L’Antitrust ha sin dall’entrata in vigore nel 2007 della disciplina sulle pratiche commerciali scorrette – che ha ampliato e sostituito nel rapporto business to
consumer quella del 1992 in materia di pubblicità ingannevole e comparativa tout court – è diventata un indubbio punto di riferimento per i consumatori nella
correzione di condotte illecite.
In particolare – spiega l’Avv. Massimo Maggiore – grazie al fatto che l’Autorità ha aperto le proprie porte alle segnalazioni dei consumatori, de-formalizzando il
processo: oggi può bastare una telefonata al numero verde dedicato per far aprire un procedimento. Inoltre l’Autorità tende in moltissimi casi e in maniera assai
efficace a utilizzare la richiesta di chiarimenti in fase preistruttoria (ossia prima dell’avvio di un procedimento formale di accertamento di infrazione), come
strumento esso stesso idoneo a far sì che nel dialogo con le imprese si possa chiarire un caso o correggere condotte potenzialmente lesive, senza procedere
con una istruttoria vera e propria. In questa ottica – prosegue l’Avv. Maggiore – l’antitrust fa ampio uso del potere di “moral suasion” previsto dal regolamento
delle procedure istruttorie, volto a far sì che l’impresa, nei casi meno gravi, elimini prontamente e senza accertamento formale i potenziali profili di illiceità.

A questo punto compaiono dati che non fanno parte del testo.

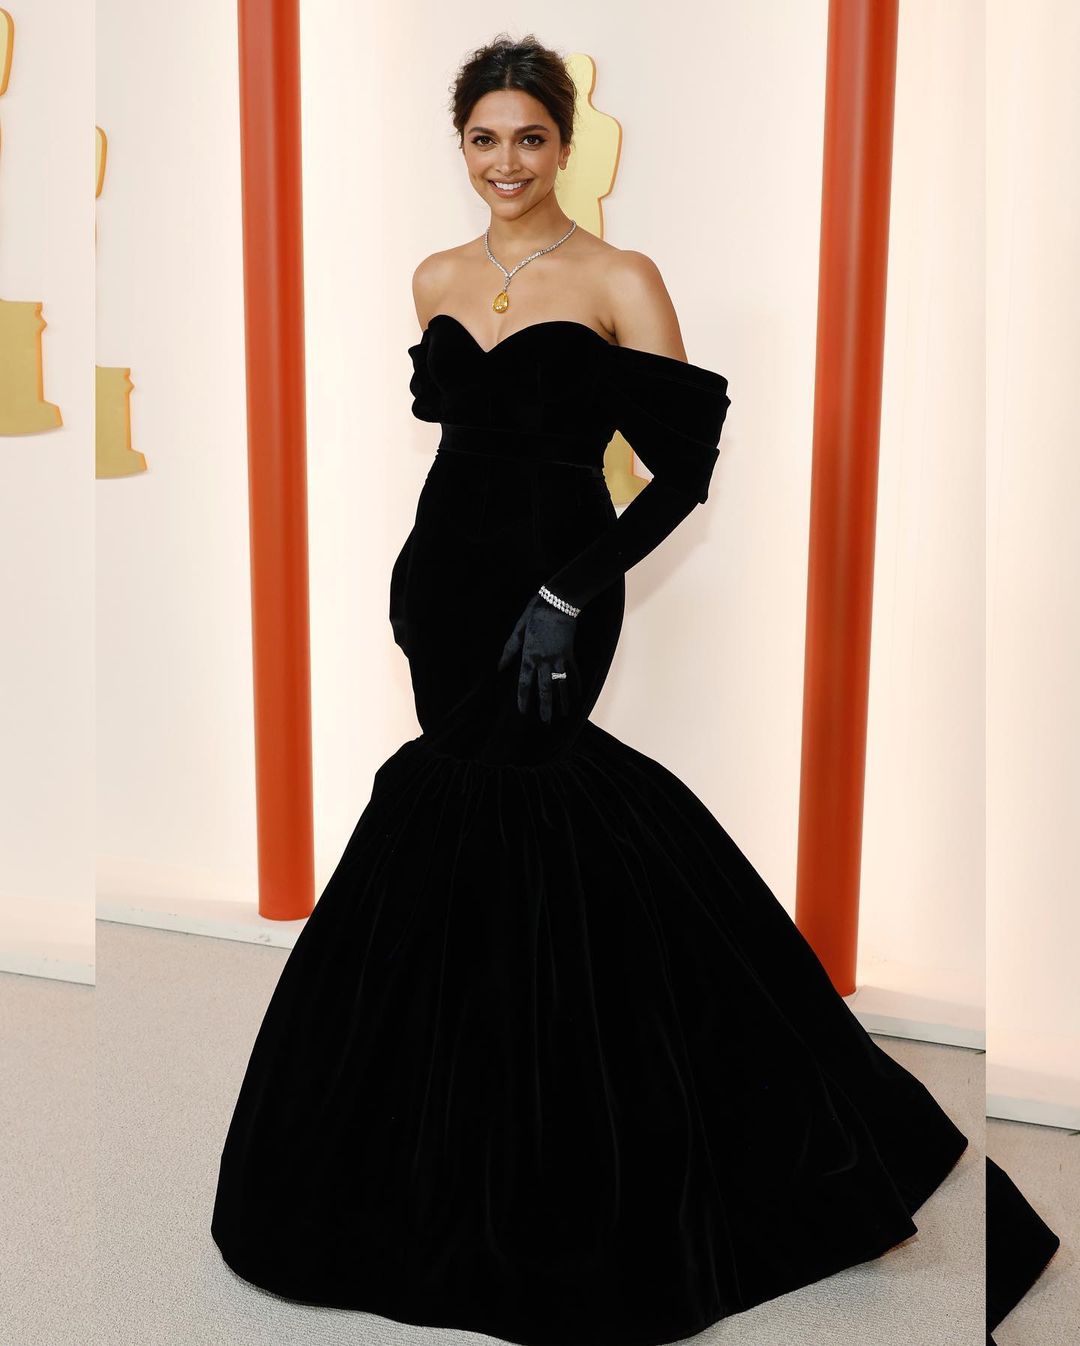 Deepika Padukone looked classy in an off-shoulder mermaid-style gown by Louis Vuitton.

È quindi solo nei casi più gravi – conclude l’Avv. Massimo Maggiore – che l’intervento dell’autorità sfocia nell’istruttoria piena, che in quanto tale fornisce anche i
parametri agli operatori per comprendere gli orientamenti applicativi. Le aziende, almeno quelle più strutturate e consumer oriented, si tutelano attraverso un
attento e costante screening da parte del legale (interno o esterno) dei messaggi promozionali. Si tratta nella mia esperienza di un dialogo fruttuoso tra funzione
marketing e funzione legale, perché spesso consente addirittura di rendere più efficace il messaggio, svincolandolo da quegli elementi potenzialmente subdoli o
poco chiari, che alla fine rischiano di macchiare, ben oltre le intenzioni delle aziende, l’immagine commerciale delle aziende stesse.